Please do. You will find that the Pinto was no more or less fire prone than any other car of the era. Actually most of the items against Ford while "true" were taken way out of context.
The Pinto and GM Side Saddle Gas Tank fiasco were the results of shoddy journalism rather than actual issues.
As much as I hate Chrysler, I have to agree with them on the large recall. If the cars passed all applicable safety standars, there should be no recall. Want tougher standards? Then pass them.

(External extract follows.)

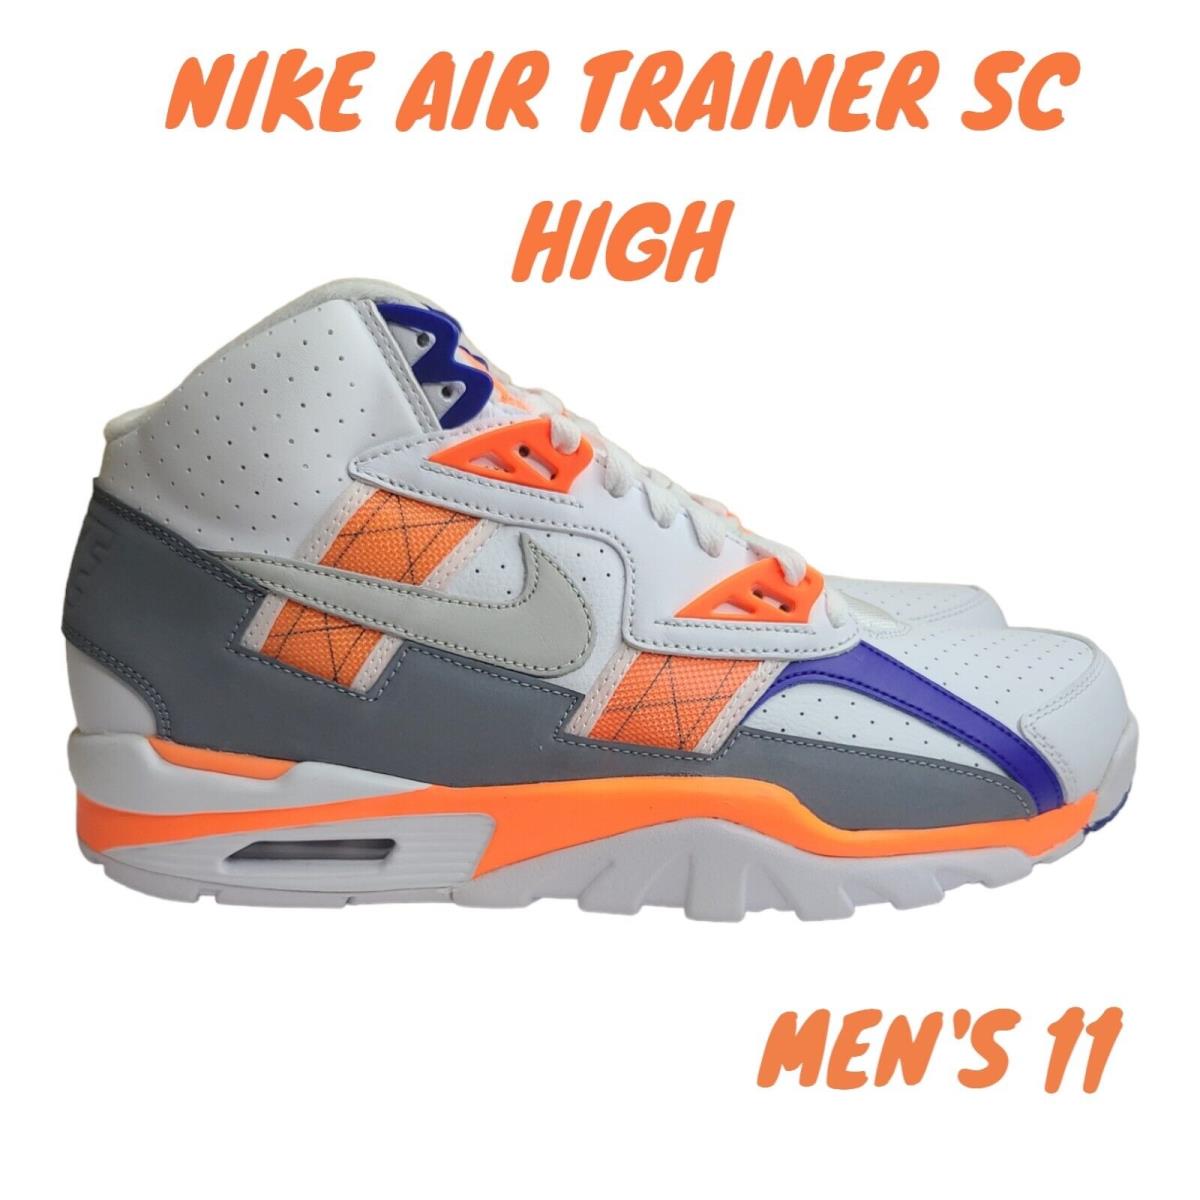 Nike Air Trainer SC High White Light Zen Grey Tart DV2212-100 Men`s Shoe Size 11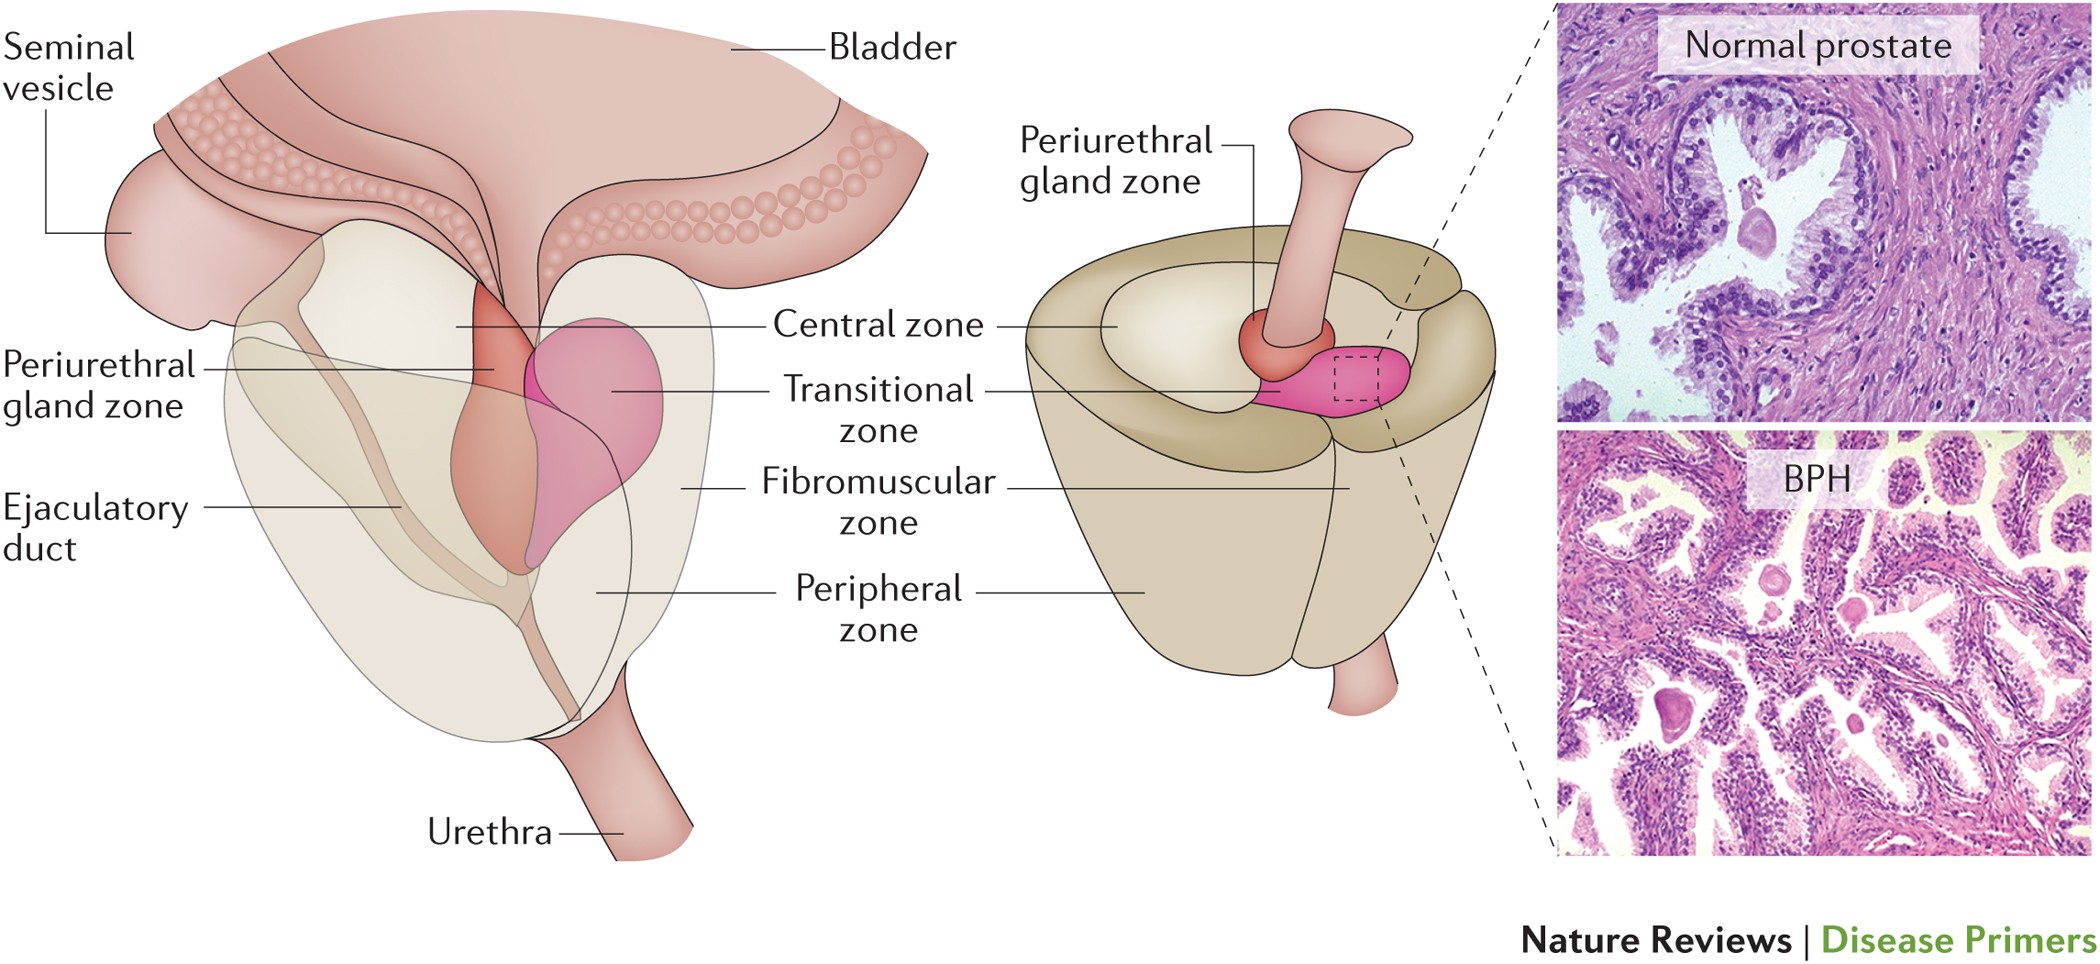 Bph vs prostate cancer presentation, Ízületi gyulladás és csontritkulás kezelés

Interesting Lawyer's review of Pinto
Some excerpts from the Pinto Wiki article:
Schwartz paper
In a 1991 paper, The Myth of the Ford Pinto Case, for the Rutgers Law Review, Gary T. Schwartz said the case against the Pinto was not clear-cut.
According to his study, the number who died in Pinto rear-impact fires was well below the hundreds cited in contemporary news reports and closer to the 27 recorded by a limited National Highway Traffic Safety Administration database. Given the Pinto's production figures (over 3 million built), this was not substantially worse than typical for the time. Schwartz said that the car was no more fire-prone than other cars of the time, that its fatality rates were lower than comparably sized imported automobiles, and that the supposed "smoking gun" document that plaintiffs said demonstrated Ford's callousness in designing the Pinto was actually a document based on National Highway Traffic Safety Administration regulations about the value of a human life — rather than a document containing an assessment of Ford's potential tort liability.
Schwartz's study said:
The Pinto Memo wasn't used or consulted internally by Ford, but rather was attached to a letter written to NHTSA about proposed regulation. When plaintiffs tried to use the memo in support of punitive damages, the trial judge ruled it inadmissible for that purpose (p. 1021, Schwartz study).
The Pinto's fuel tank location behind the axle, ostensibly its design defect, was "commonplace at the time in American cars" (p. 1027).
The precedent of the California Supreme Court at the time not only tolerated manufacturers trading off safety for cost, but apparently encouraged manufacturers to consider such trade-offs (p. 1037).